Packaging applications are developing fastest for foam blow molding, justified by opportunities for savings of 10-30% in weight, resin and pigment usage, and cycle time. In relatively thin-wall parts like bottles, the foam cools faster because there's less plastic material present. However, in thicker-walled industrial parts, the foam acts as a heat insulator, extending cycle times and eliminating the productivity advantage.

Despite these encouraging signs, some caution is warranted. "Foam blow molding is still in its infancy. There's quite a bit of interest in it, but only a few firms can make it work currently," says Tom Pontiff, technical director for Clariant Additive Masterbatches in Winchester, Va. His firm, formerly Boehringer Ingelheim (or B.I. Chemicals in the U.S.) before its recent acquisition by Clariant, is a blowing-agent supplier that has been actively developing this technology.

Making it work requires careful attention to technique, and today's know-how may be suitable only for relatively simple shapes. All of the foam bottles now in production or development are monolayer structures. However, patents reportedly have been issued on two- and three-layer foam/solid bottle designs. Virtually all the current activity appears to be with HDPE, though PP is also being tested, as well as nylon and TP elastomers.

Going commercial

The real-life debut of blow molded foam packaging will likely be this month, when Wella AG of Darmstadt, Germany, is expected to start its order for 10 million foamed bottles for its Crisan shampoo line. The 250-cc HDPE bottle will be produced on a proprietary long-stroke, multi-cavity extrusion blow machine designed and built by Alpla Werke in Hard, Austria, which is also making the bottles.

Alpla will be using a new foam concentrate made for the process by Clariant Masterbatches. Just 1.5-2% of the concentrate can foam a 0.960-g/cc HDPE down to 0.78-0.80 g/cc, says Hans Kunz, Alpla's packaging project manager.

Consulting firm Inkutec GmbH of Gotha, Germany, is working with Clariant's foaming agents on a number of projects for bottles, canisters, and technical parts, says Rudolf Fance, managing director. One of these is a 4-liter foamed motor oil container that would be marketed in Hong Kong. Mobil Oil Co., Fairfax, Va., has expressed interest in it, but evaluation of bottle performance and cost issues are ongoing, says a Mobil spokesman. Other projects involve a 2-liter detergent bottle and a mineral-oil canister with a handle (molded by Plasco Ltd. in Hong Kong). Inkutec has had successful test results with canisters up to 30 liters, and one test run of a foamed 220-liter barrel was performed, says Fance.
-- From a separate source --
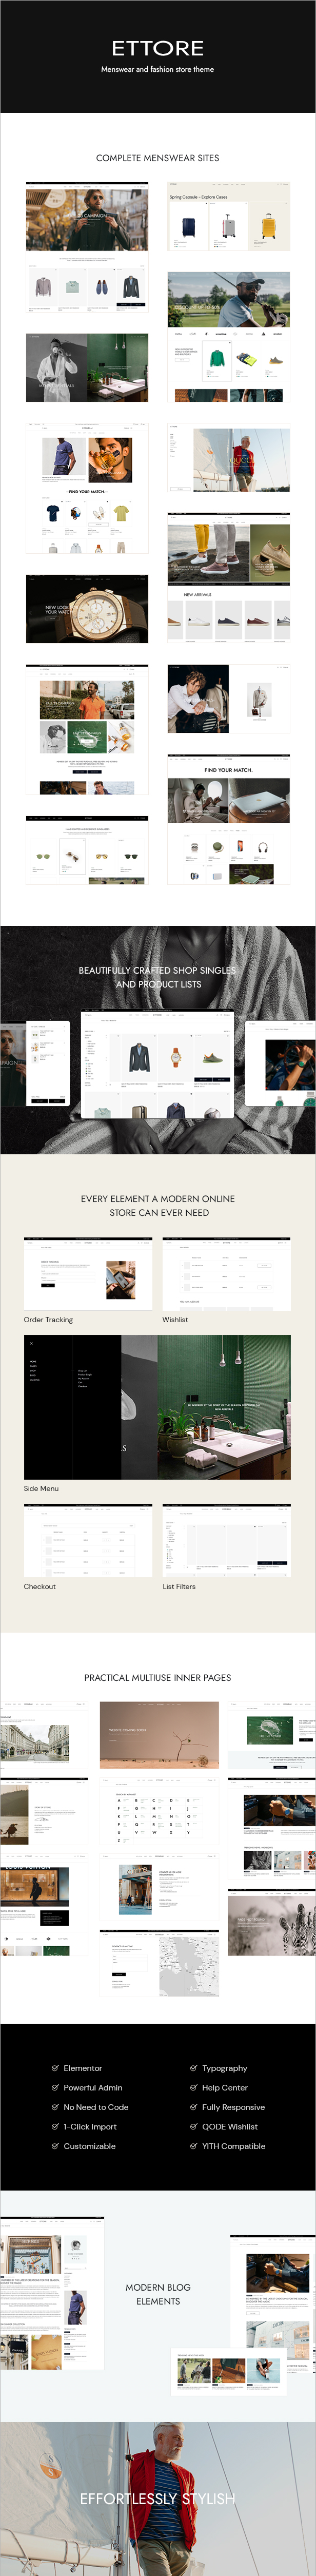 Ettore - Fashion Store and Menswear WooCommerce Theme - 1

Reedy International Corp., Keyport, N.J., another foaming-agent supplier, has at least 10 applications in foam blow molding in advanced commercial development, says president Michael Reedy.
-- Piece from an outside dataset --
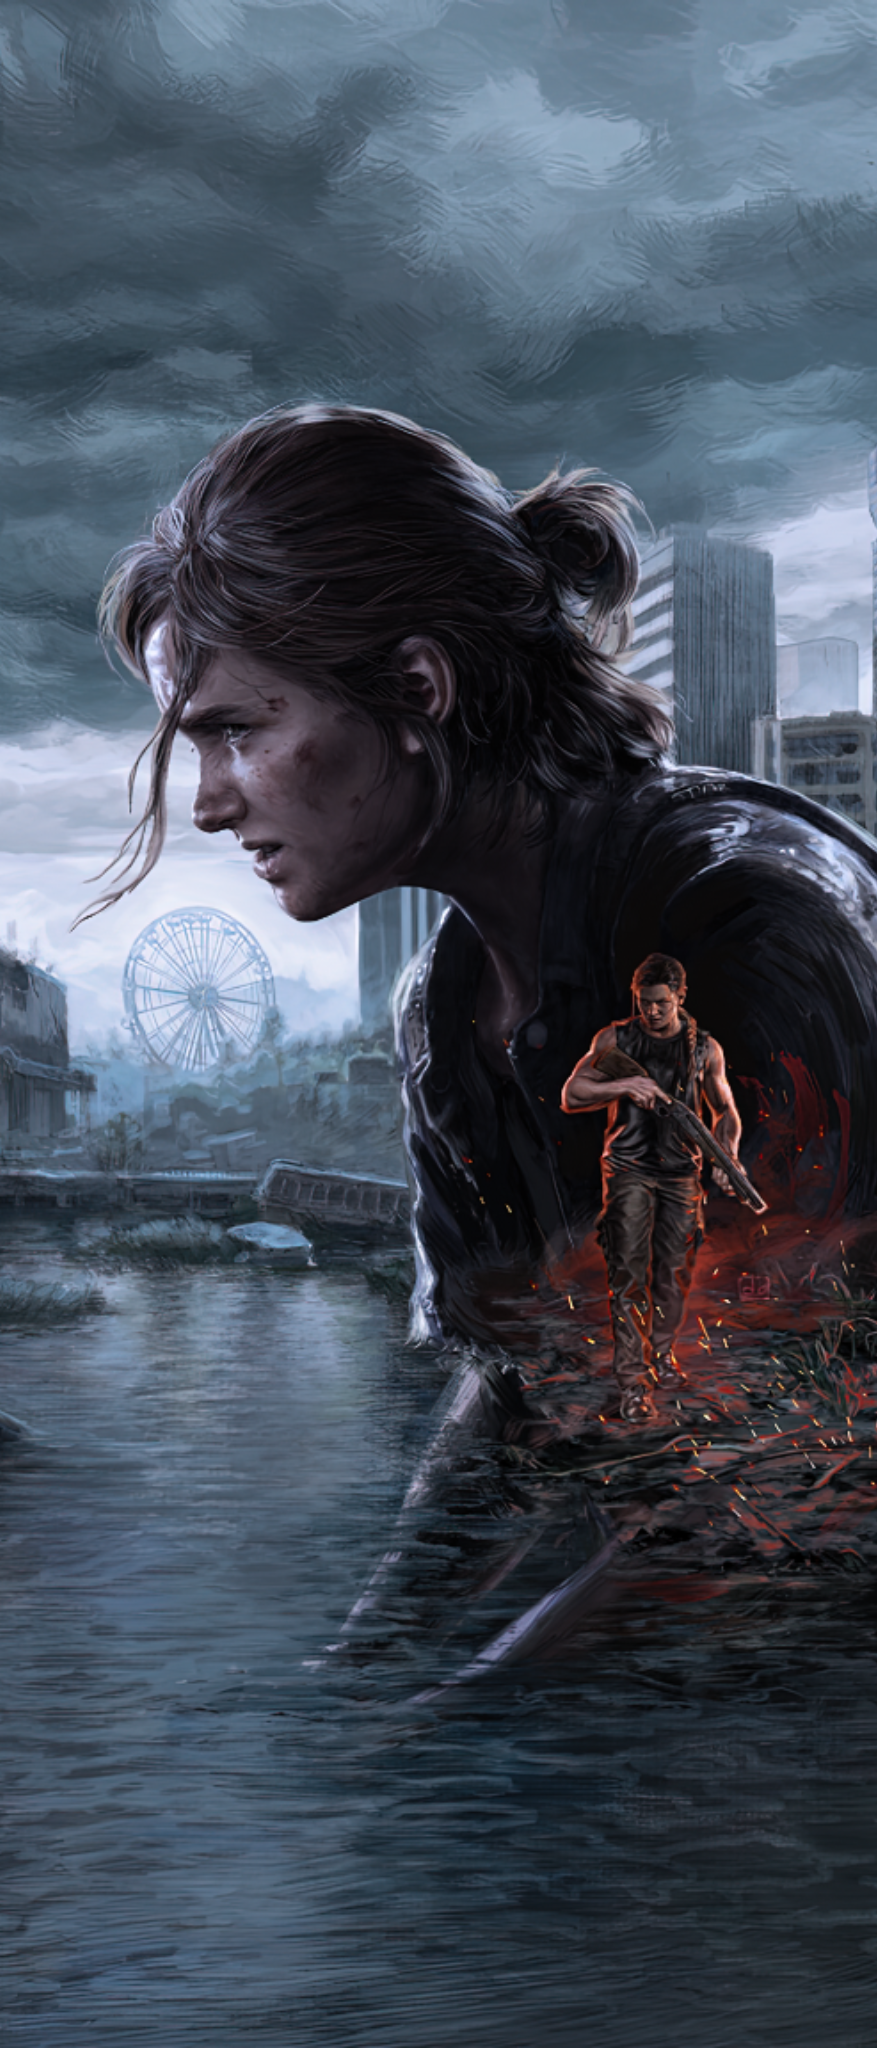 The Last of Us Part II] [ ] Mobile edit made by combining the two

Both Clariant and Reedy supply endothermic chemical blowing agents for foam blow molding. Clariant offers two specially formulated products for foam blow molding, Hydrocerol HK40B for PE and HP40P for PP. Both are 40% masterbatches.

Reedy offers Safoam products, including versions that induce long-chain branching in the resin to increase melt strength. The latter reportedly can avoid need for hard-to-process HMW resins.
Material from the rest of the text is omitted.